It seems Facebook might have changed some markup. I will try and get this fixed in the coming days.

n0kovo avatar Jun 11 '22 12:06 n0kovo

hi ,thanks for this great learning tools you provided. i also get this premature error, only scraped around 25 friends at first part of 1/9 page. then will get this error below :

Traceback (most recent call last): File "C:\Users\my username\Desktop\fb_friend_list_scraper-develop - 2\fb_friend_list_scraper-develop\fb_friend_list_scraper\scraper.py", line 367, in main() File "C:\Users\my username\Desktop\fb_friend_list_scraper-develop - 2\fb_friend_list_scraper-develop\fb_friend_list_scraper\scraper.py", line 363, in main do_scrape(driver, email, password, user_to_scrape, outfile_path, args) File "C:\Users\my username\Desktop\fb_friend_list_scraper-develop - 2\fb_friend_list_scraper-develop\fb_friend_list_scraper\scraper.py", line 302, in do_scrape cleanup(driver, progress) File "C:\Users\my username\Desktop\fb_friend_list_scraper-develop - 2\fb_friend_list_scraper-develop\fb_friend_list_scraper\scraper.py", line 224, in cleanup element = driver.find_element( File "C:\Users\my username\AppData\Local\Programs\Python\Python310\lib\site-packages\selenium\webdriver\remote\webdriver.py", line 1251, in find_element return self.execute(Command.FIND_ELEMENT, { File "C:\Users\my username\AppData\Local\Programs\Python\Python310\lib\site-packages\selenium\webdriver\remote\webdriver.py", line 430, in execute self.error_handler.check_response(response) File "C:\Users\my username\AppData\Local\Programs\Python\Python310\lib\site-packages\selenium\webdriver\remote\errorhandler.py", line 247, in check_response raise exception_class(message, screen, stacktrace) selenium.common.exceptions.NoSuchElementException: Message: Unable to locate element: /html/body/div[1]/div/div[4]/div/div[1]/div[1]/div[1] Stacktrace: WebDriverError@chrome://remote/content/shared/webdriver/Errors.jsm:183:5 NoSuchElementError@chrome://remote/content/shared/webdriver/Errors.jsm:395:5 element.find/</<@chrome://remote/content/marionette/element.js:300:16

mrnoobnoobies avatar Jun 18 '22 08:06 mrnoobnoobies

then after several try and error, read many S.O forum related issue , i edited a part of the script that writes def scroll_down as below :

def scroll_down(driver, progress): logprint("Scrolling to the bottom") driver.execute_script("window.scrollTo(0, document.body.scrollHeight);") clicks = driver.find_elements(By.XPATH, '//*[@id="m_more_friends"]') for click in clicks: click = click.click() time.sleep(15)

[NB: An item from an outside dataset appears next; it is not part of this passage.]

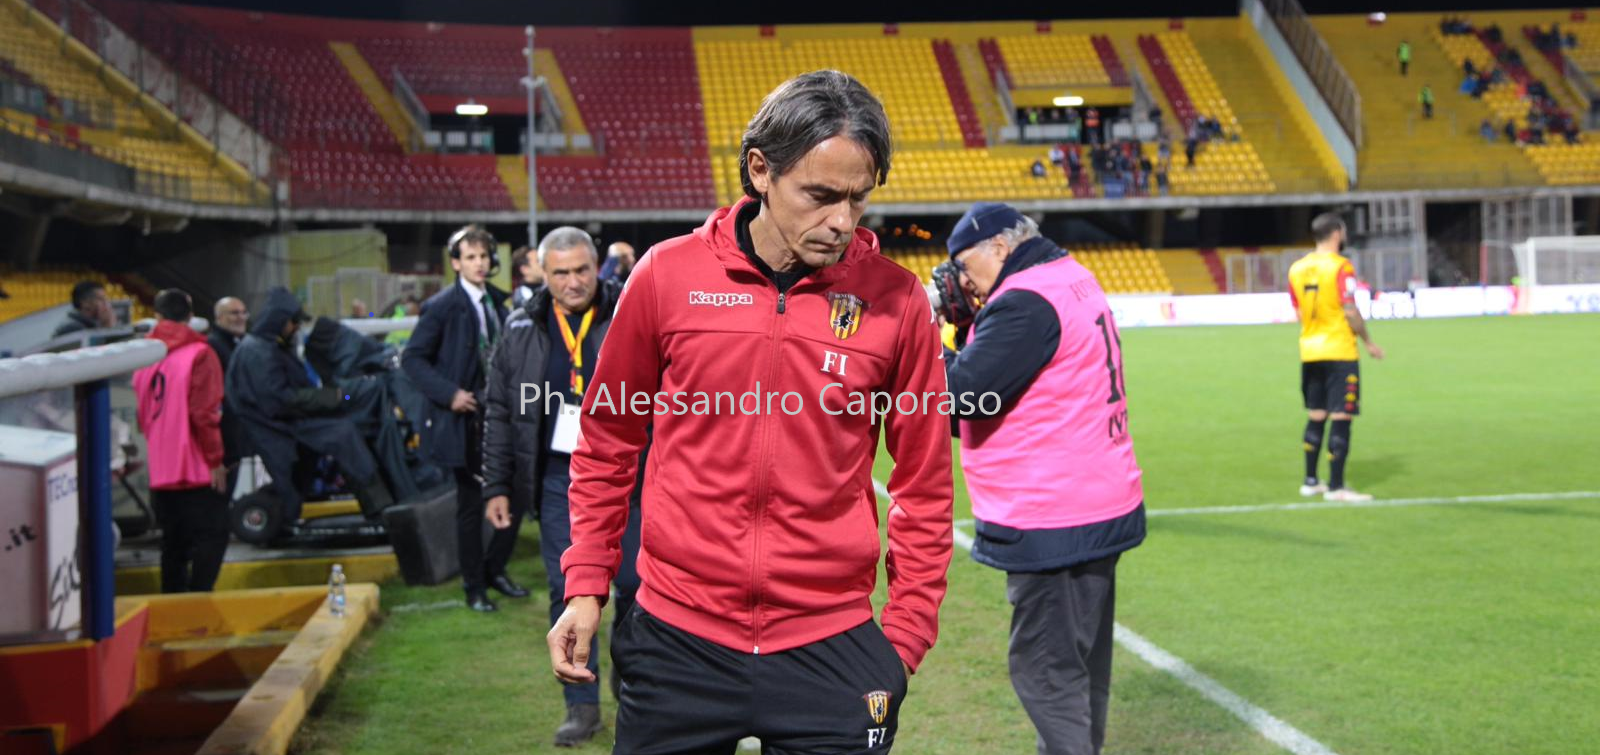 Inzaghi a Sky Sport24: “La Serie A complicata ma con degli aggiustamenti possiamo dire la nostra”

also edited xpath under def cleanup as follow :

element = driver.find_element( By.XPATH, '//div[contains(concat(" ",normalize-space(@class)," ")," timeline ")]/div/div[contains(concat(" ",normalize-space(@class)," ")," _2pit ")]/div'

But still cant get to fully finished the script(only passed 3/9 page) until i get below error :

Traceback (most recent call last): File "C:\Users\my username\Desktop\fb_friend_list_scraper-develop - 1\fb_friend_list_scraper-develop\fb_friend_list_scraper\scraper.py", line 401, in main() File "C:\Users\my username\Desktop\fb_friend_list_scraper-develop - 1\fb_friend_list_scraper-develop\fb_friend_list_scraper\scraper.py", line 397, in main do_scrape(driver, email, password, user_to_scrape, outfile_path, args) File "C:\Users\my username\Desktop\fb_friend_list_scraper-develop - 1\fb_friend_list_scraper-develop\fb_friend_list_scraper\scraper.py", line 323, in do_scrape scrape_profiles(driver, outfile_path, progress, args) File "C:\Users\my username\Desktop\fb_friend_list_scraper-develop - 1\fb_friend_list_scraper-develop\fb_friend_list_scraper\scraper.py", line 175, in scrape_profiles username = div.find("a")["href"][1:].replace("profile.php?id=", "") File "C:\Users\my username\AppData\Roaming\Python\Python310\site-packages\bs4\element.py", line 1519, in getitem return self.attrs[key] KeyError: 'href'

mrnoobnoobies avatar Jun 18 '22 08:06 mrnoobnoobies

Hi @mohdradhi84, thanks for your report! I haven't had the time to get proper look at it yet. I'm considering making it more clear in the code exactly what elements the script is looking for on the page, to make it easier for people to debug when Facebook makes changes. I'll probably get around to it in the next couple of days. I'm pretty sure both of your errors stem from the page not looking like the script expects it to. I'll keep you posted!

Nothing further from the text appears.